Key MongoDB Capped Collections benefits include:

  • High-Performance Writes: Sequential write optimization with minimal index maintenance overhead
  • Predictable Storage: Fixed-size collections with automatic old document removal and no storage bloat
  • Insertion Order Guarantee: Natural document ordering ideal for event sequencing and temporal data analysis
  • Real-Time Processing: Tailable cursors and change streams for efficient streaming data consumption
  • Resource Efficiency: Predictable memory usage and optimal performance characteristics for high-throughput scenarios
  • SQL Accessibility: Familiar SQL-style capped collection operations through QueryLeaf for accessible streaming data management

Whether you're implementing application logging, event streaming, performance monitoring, or real-time analytics, MongoDB capped collections with QueryLeaf's familiar SQL interface provide the foundation for efficient, predictable, and scalable streaming data solutions.
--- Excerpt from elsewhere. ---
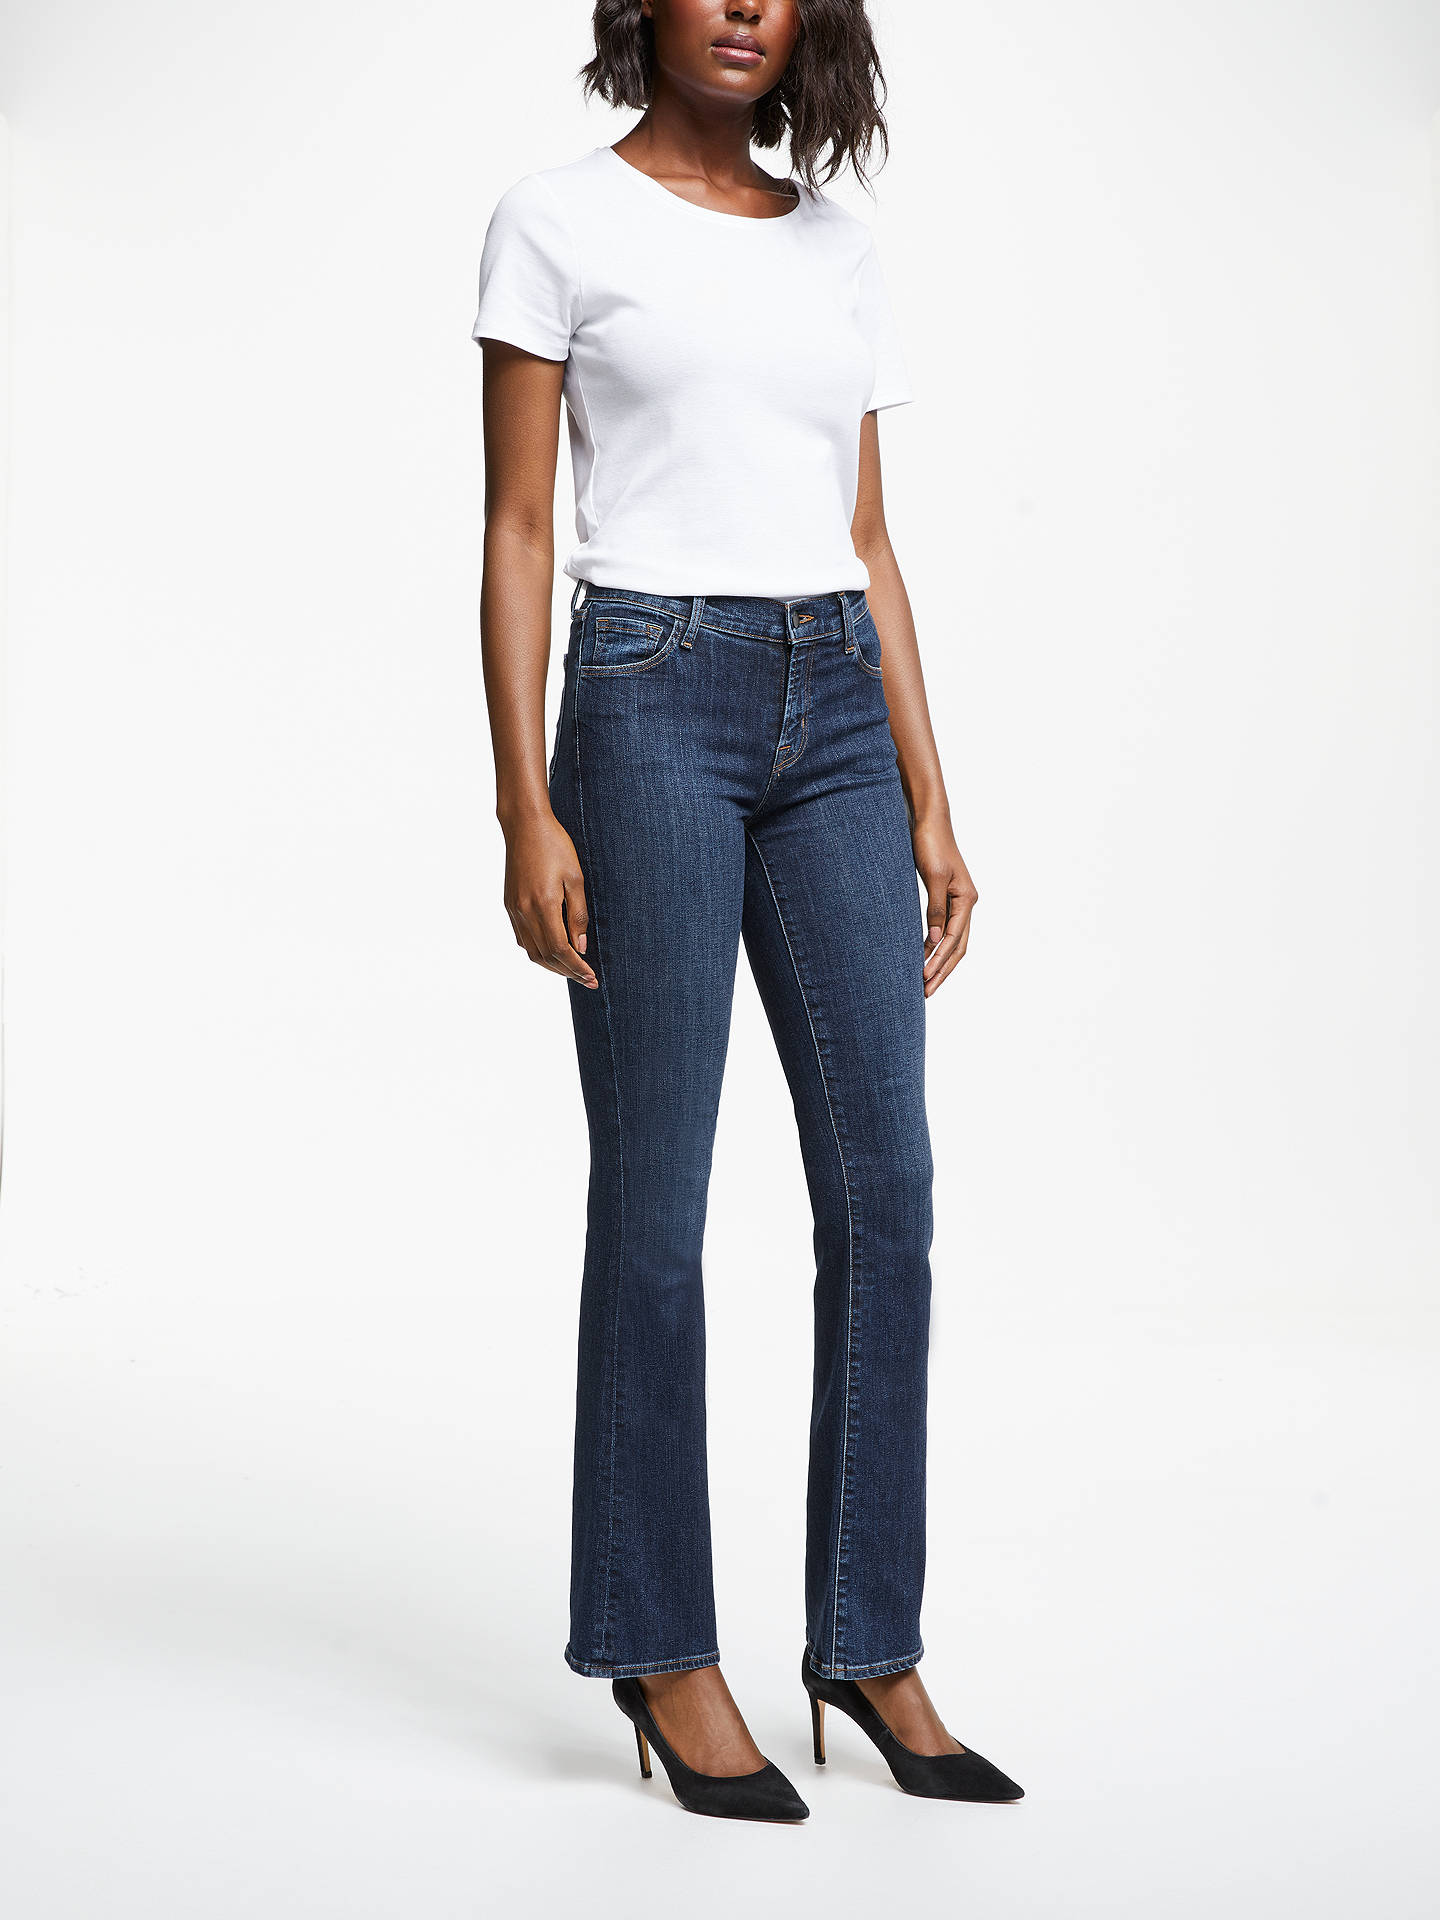 J Brand Jeans Womens Sallie Mid Rise Boot Cut

QueryLeaf Integration: QueryLeaf seamlessly manages MongoDB capped collections while providing SQL-familiar syntax for high-performance logging, real-time streaming, and circular buffer operations. Advanced capped collection patterns including capacity planning, real-time processing, and performance optimization are elegantly handled through familiar SQL constructs, making sophisticated streaming data management both powerful and accessible to SQL-oriented development teams.

The combination of MongoDB's robust capped collection capabilities with SQL-style streaming operations makes it an ideal platform for applications requiring both high-throughput data capture and familiar database interaction patterns, ensuring your streaming data infrastructure can scale efficiently while maintaining predictable performance and operational simplicity.